What to work on:
Your output should be the lines below from the one with "Modification de la" through the one with "44-40 Hornady 205", copied exactly, pictures excluded.

Records for the exercise:
%%

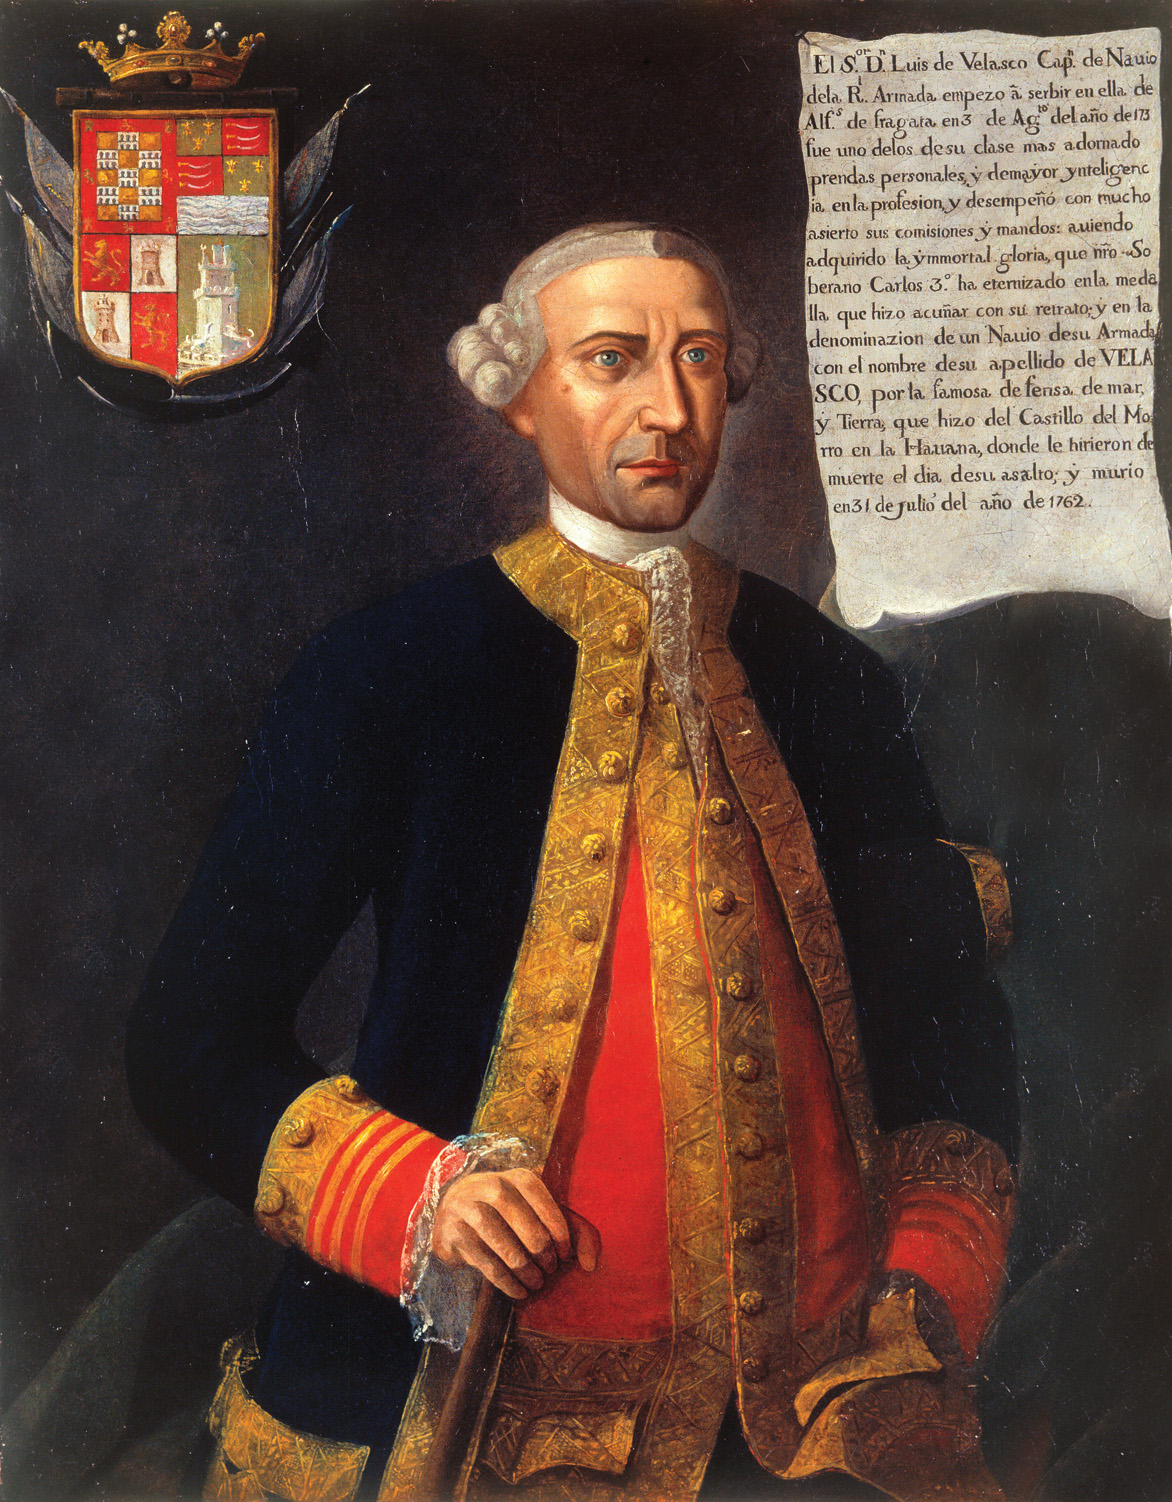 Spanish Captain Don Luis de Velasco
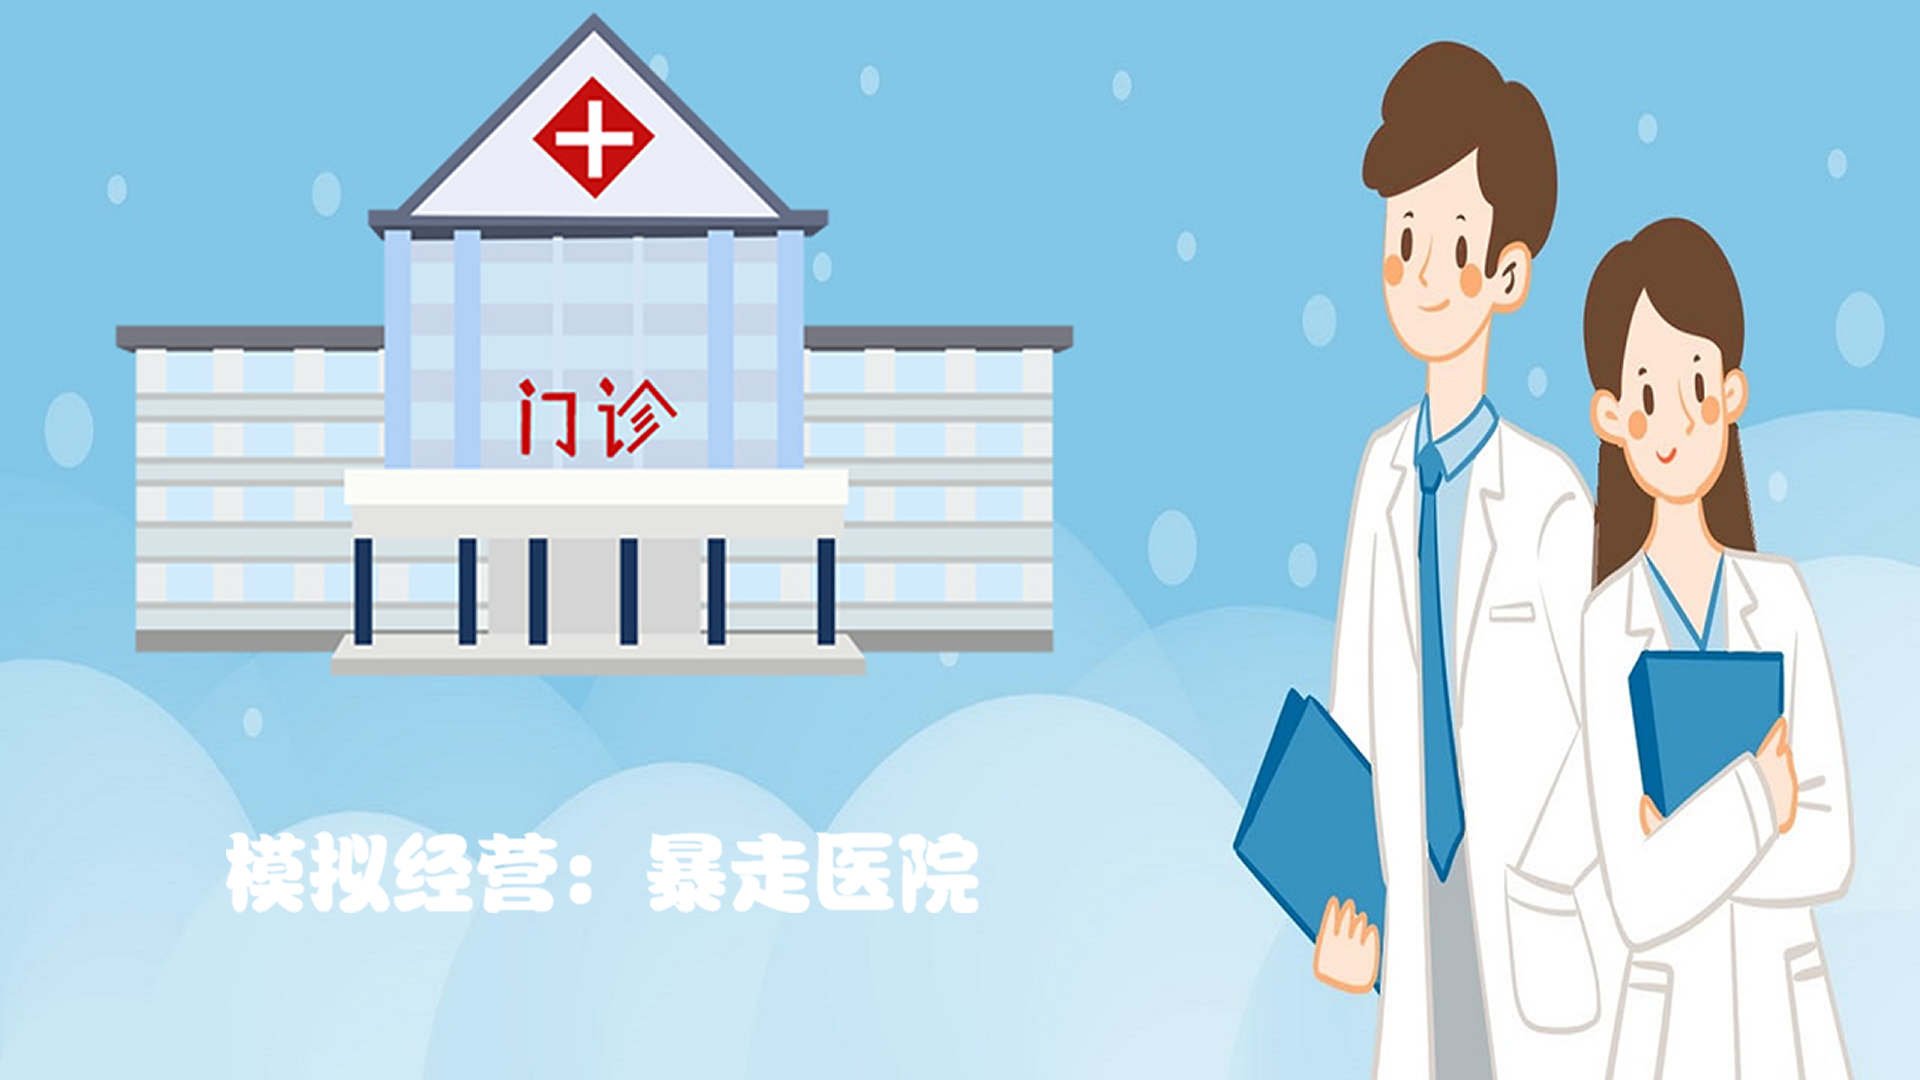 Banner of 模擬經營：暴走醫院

%%
%%

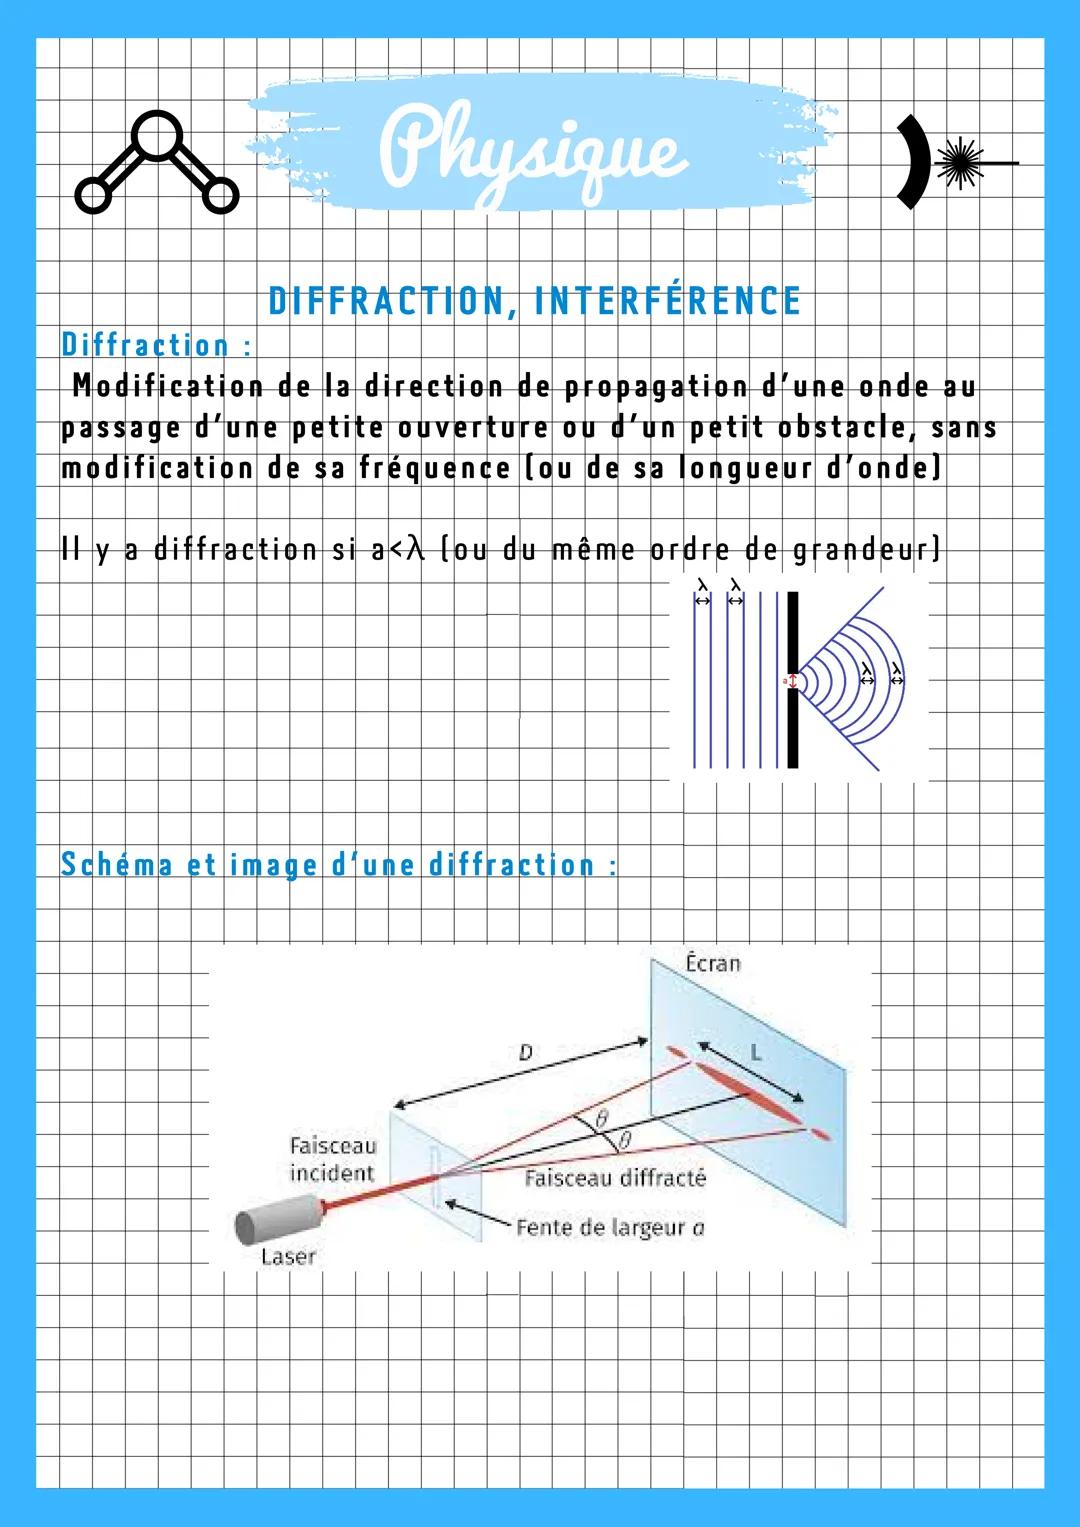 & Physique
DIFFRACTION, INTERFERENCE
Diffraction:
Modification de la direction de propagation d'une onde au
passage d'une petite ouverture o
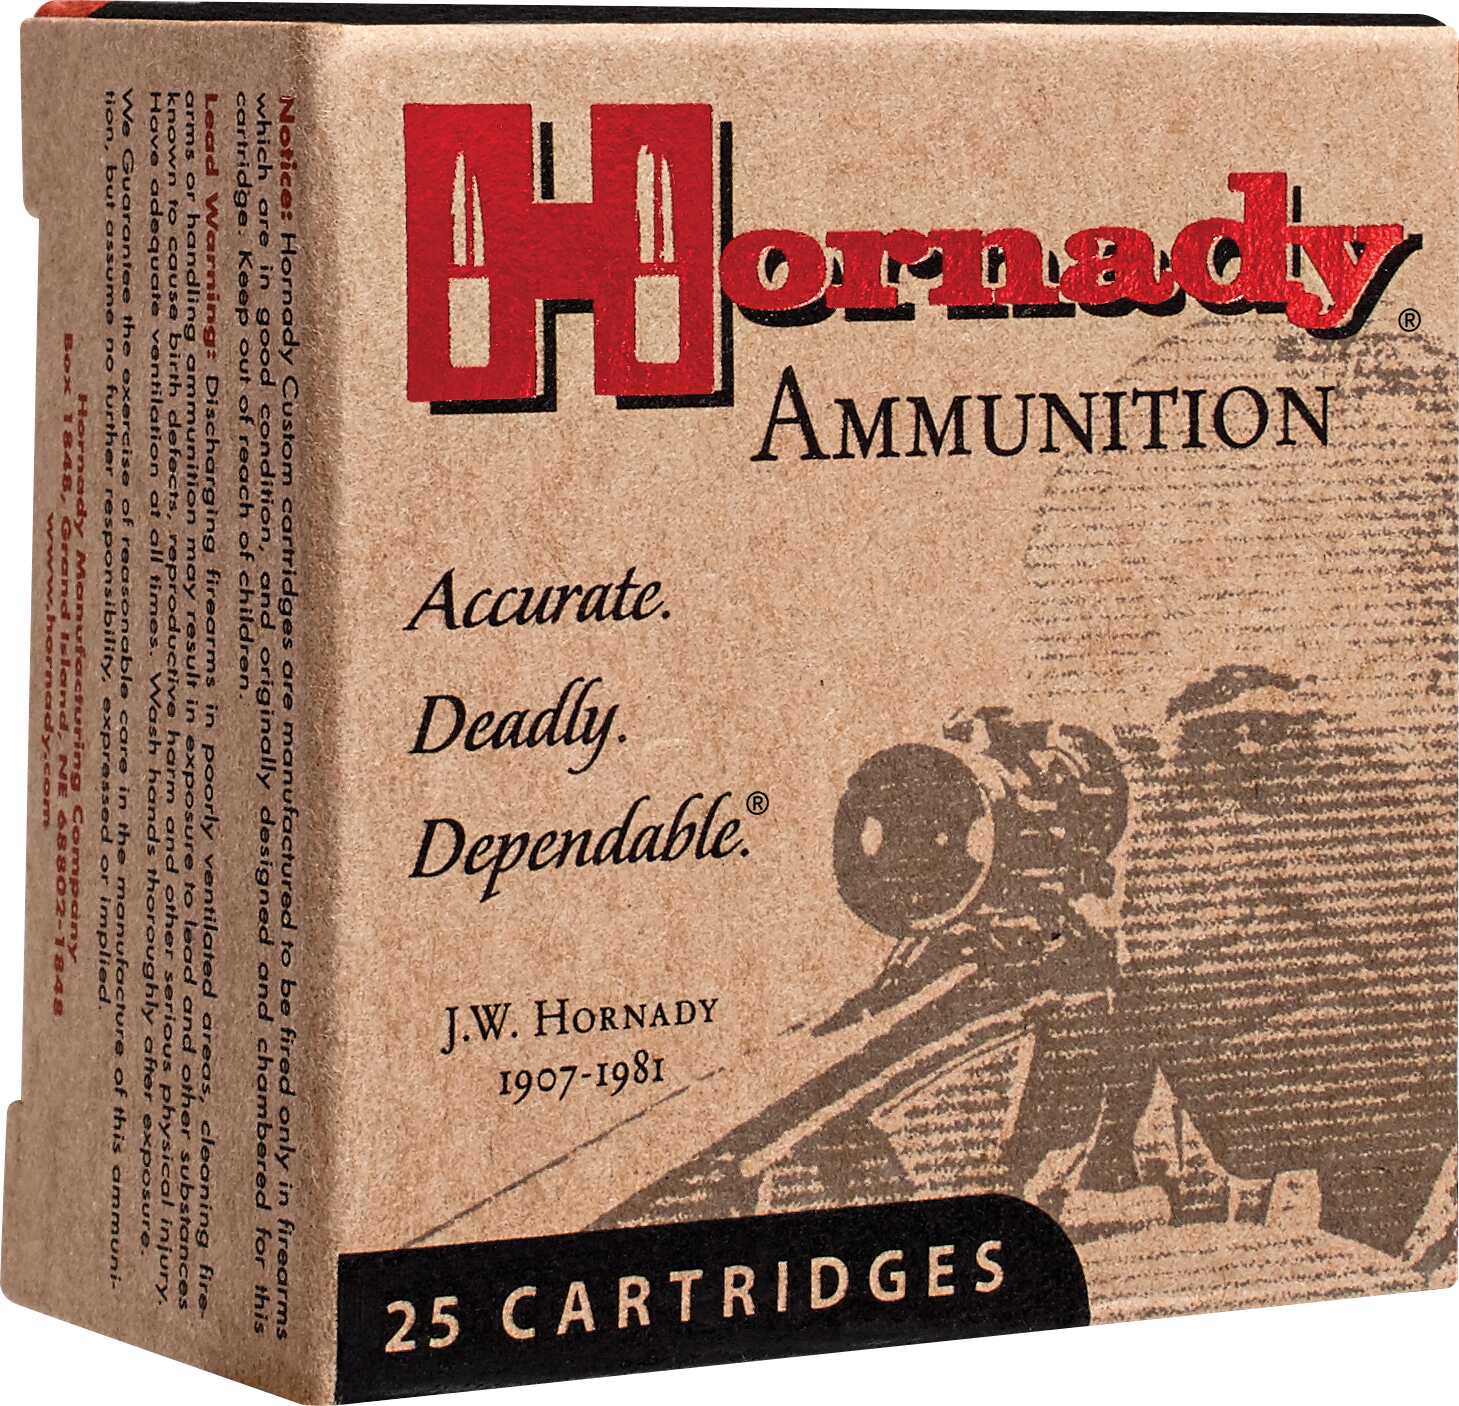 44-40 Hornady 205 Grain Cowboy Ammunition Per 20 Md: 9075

%%

Result:
Modification de la direction de propagation d'une onde au
passage d'une petite ouverture o
 44-40 Hornady 205 Grain Cowboy Ammunition Per 20 Md: 9075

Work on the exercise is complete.